Is this a correct translation for "He is single"
autos einai agamos.
Many thanks


----------



## zoetsa

Yes, (Αυτός) Είναι άγαμος/ανύπαντρος/ελεύθερος.


----------



## arsham

Thanks Zoetsa!
What is the difference between those three words (agamos/anupantros/ elentheros)? I was told that when speaking of marital status, one uses agamos! Are there any nuances?


----------



## cougr

arsham said:


> Thanks Zoetsa!
> What is the difference between those three words (agamos/anupantros/ elentheros)? I was told that when speaking of marital status, one uses agamos! Are there any nuances?



agamos: άγαμος= unwed

anupantros: ανύπαντρος= unmarried

eleftheros: ελεύθερος/λεύτερος= single (literally: free)


----------



## zoetsa

Cougr +:

 άγαμος: e.g a bachelor, a monk or single parents, sounds more official 

ανύπαντρος: e.g. a young man, never married but probably wants to

ελεύθερος: e.g. a young men not so keen on marriage, you can use it for divorced men, too

 One more thing: you cant say e.g ανύπαντρη ζωή only άγαμη ζωή (or ελεύθερη ζωή but this means something different). 
Never done so I'll think about but I think ανύπαντρος is only for human.


----------



## Perseas

When filling public forms (applications etc), the question about the marital status should be answered with _άγαμος_ , in the case that someone is unmarried.


----------



## Perseas

Hi zoetsa ,



zoetsa said:


> ανύπαντρος: e.g. a young man, never married but probably wants to


 not necessarily young; _just unmarried_; maybe he wants to get married, maybe not  . 
Example:_ πέθανε ανύπαντρος_ (or _άγαμος_)_ ---> he died unmarried_ ; but we don't say _πέθανε ελεύθερος _in that sense.

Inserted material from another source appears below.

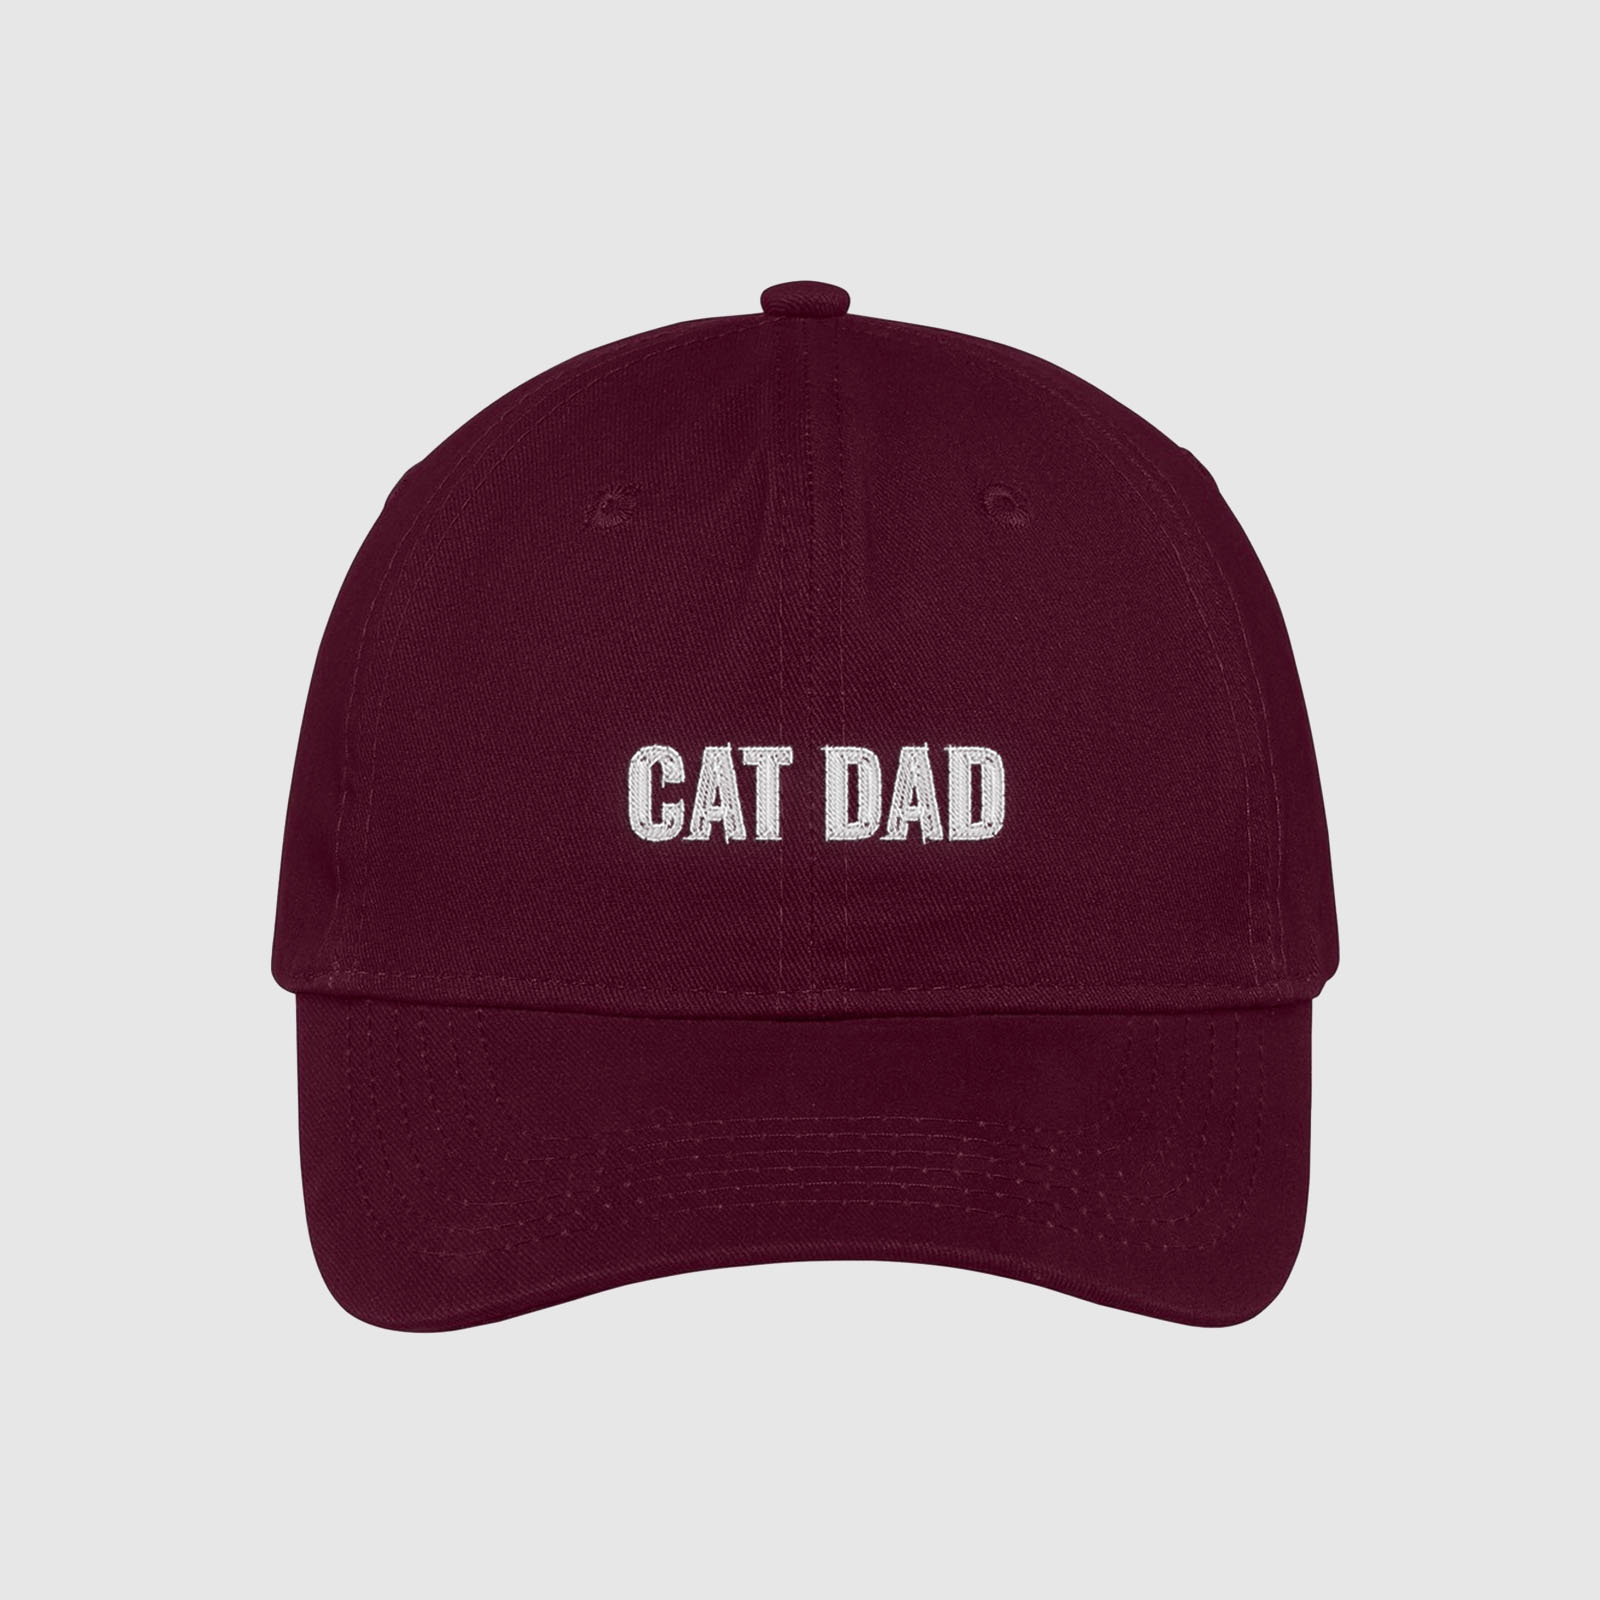 Maroon cat dad hat embroidered with white text

> ελεύθερος: e.g. a young men not so keen on marriage, you can use it for divorced men, too


In relation to one's marital status _ελεύθερος_ means _free of marriage, being not married_; it is not used necessarily for young people. 
It is also used for men who are not engaged or they don't have a relationship at a specific period of time.

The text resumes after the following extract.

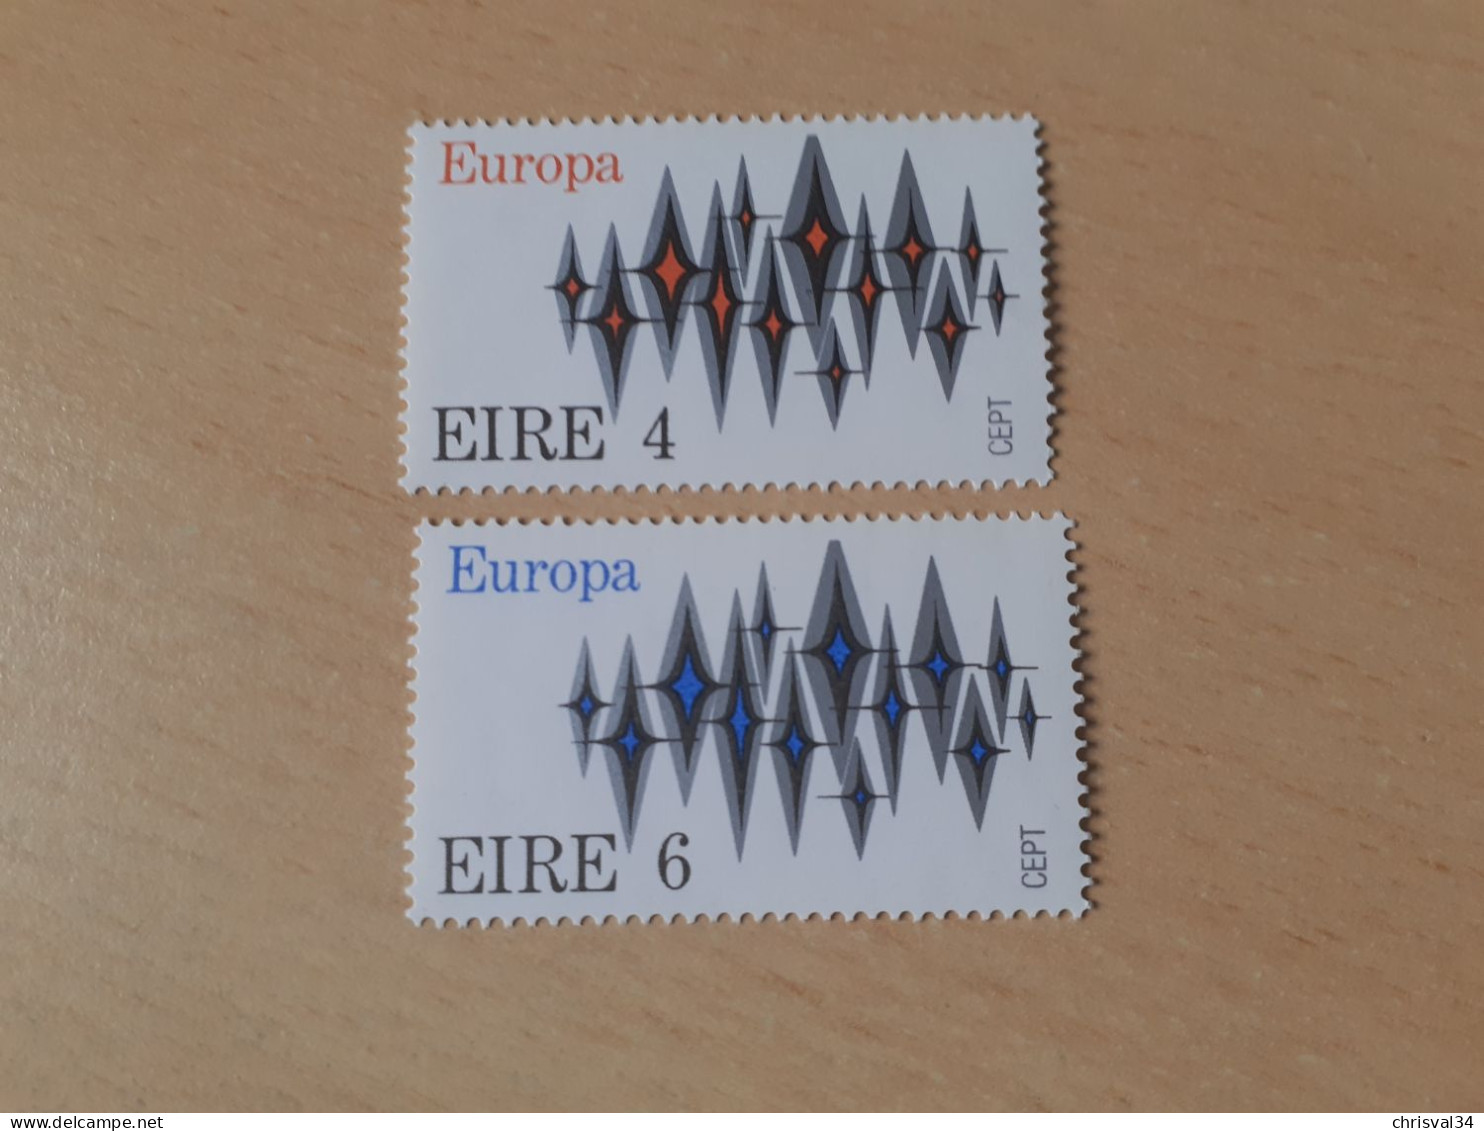 TIMBRES   IRLANDE   ANNEE   1972   N  278  /  279   COTE  20,00  EUROS   NEUFS  LUXE** - Nuovi

For women: άγαμη, ανύπαντρη, ελεύθερη.


----------



## zoetsa

Perseas, do you know what e.g. means???????? You should before answering...


----------



## arsham

Oh thanks alot for all these helpful replies. The person in question is indeed filling out an application which is why I wanted to know the differences between these words.
In a casual conversation, you would then simply use anupantros or eleftheros!


----------